14. Further, learned trial court has failed to consider this aspect and learned First Appellate Court has committed an error of law by holding that even if the relationship between the plaintiff and the defendant no. 14 and 15 as well as the other defendants are admitted and it is not the case of any of the parties to the suit that they have acquired any self-acquired property, hence, learned First Appellate Court ought not have held that mere exclusive possession of the defendant over the joint family property amounts to absence of unity of title and possession.
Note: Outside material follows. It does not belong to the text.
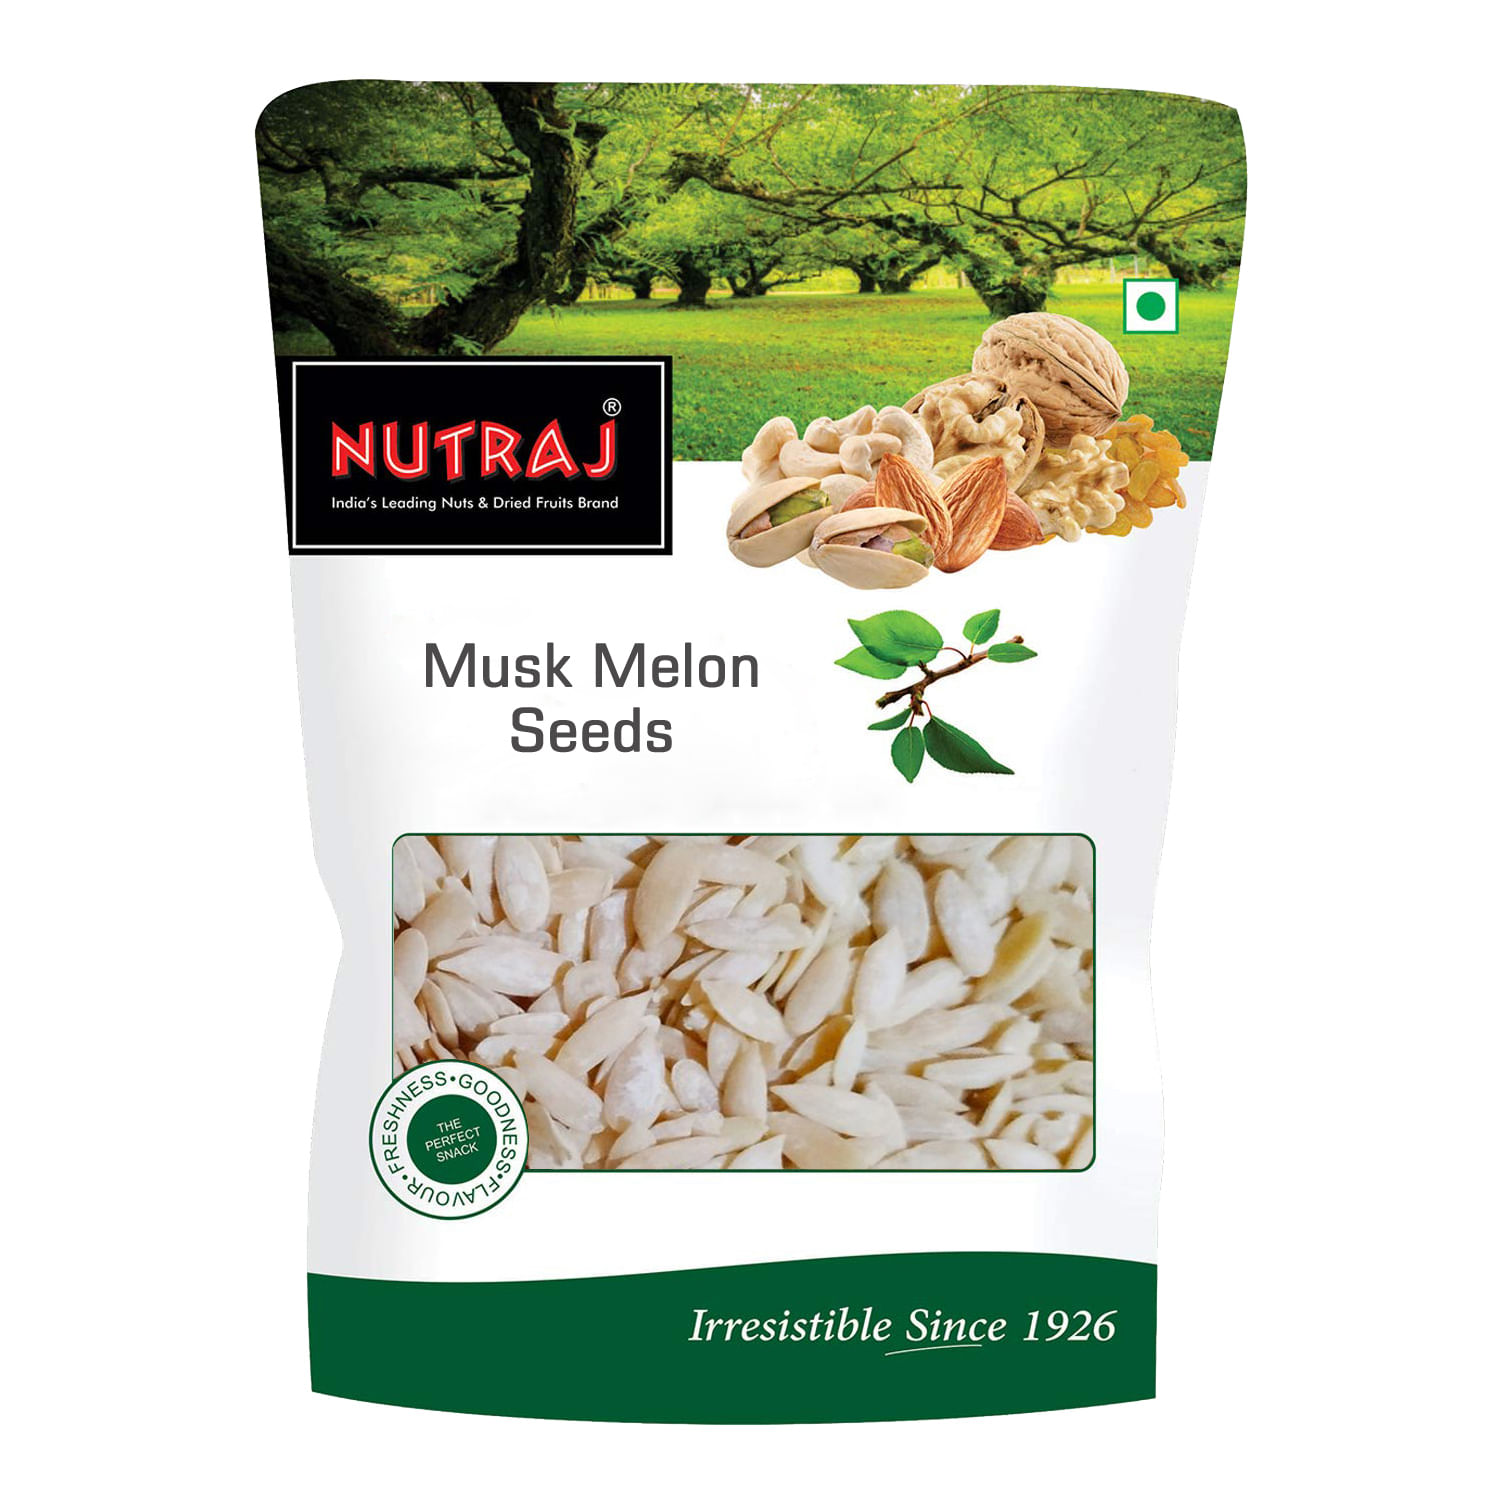 Nutraj Musk Melon Seeds 800g (4 X 200g)

15. In the light of the foregoing observation, the judgment and decree passed by both the courts below are hereby set aside and quashed and the matter is remitted to learned trial court for giving an opportunity to the parties, to amend their respective pleadings by incorporating all the joint family properties of the suit and by impleading all the coparceners of the joint family properties and also to make corresponding amendments in the plaint and to lead further evidence in support of the amended pleadings by giving them reasonable time, if the plaintiffs fail to amend the pleadings within the time stipulated by the learned trial court, the learned trial court is directed to dismiss the suit for having been filed for partial partition of the joint family property. If the parties amend their pleading accordingly, then the trial court is directed to pass the judgment after appreciating the 8 SA No. 129 of 1991 additional pleading and the evidence adduced thereon. Since the matter is an old one, the parties are directed to appear before the learned trial court on 09.01.2023 to take instruction from the learned trial court as to by what steps, the plaintiff has to amend his pleading.

16. The learned trial court is directed to make all endeavors to deliver the judgment within six months from the date of pleading of the parties. The sole substantial question of law is answered in the affirmative by holding that learned First Appellate Court could not have drawn an inference that the exclusive possession of the defendant nos. 14 and 15 over the suit land amounts to absence of unity of title and possession and impliedly the defendant no. 14 and 15 perfected their title by way of adverse possession over the suit property which is admittedly the joint family property and thus, the title of the plaintiff has extinguished though such words of adverse possession by the defendant nos. 14 and 15, as well as extension of the time by the appellants has not been specifically mentioned in the judgment of the learned First Appellate Court.

17. The appeal stands allowed to the extent mentioned hereinabove.

18. Looking to the facts of the case, the parties to bear their respective costs.

19. Let a copy of this Judgment along with the Lower Court Records be sent back to the Court concerned forthwith.

(Anil Kumar Choudhary, J.) High Court of Jharkhand, Ranchi.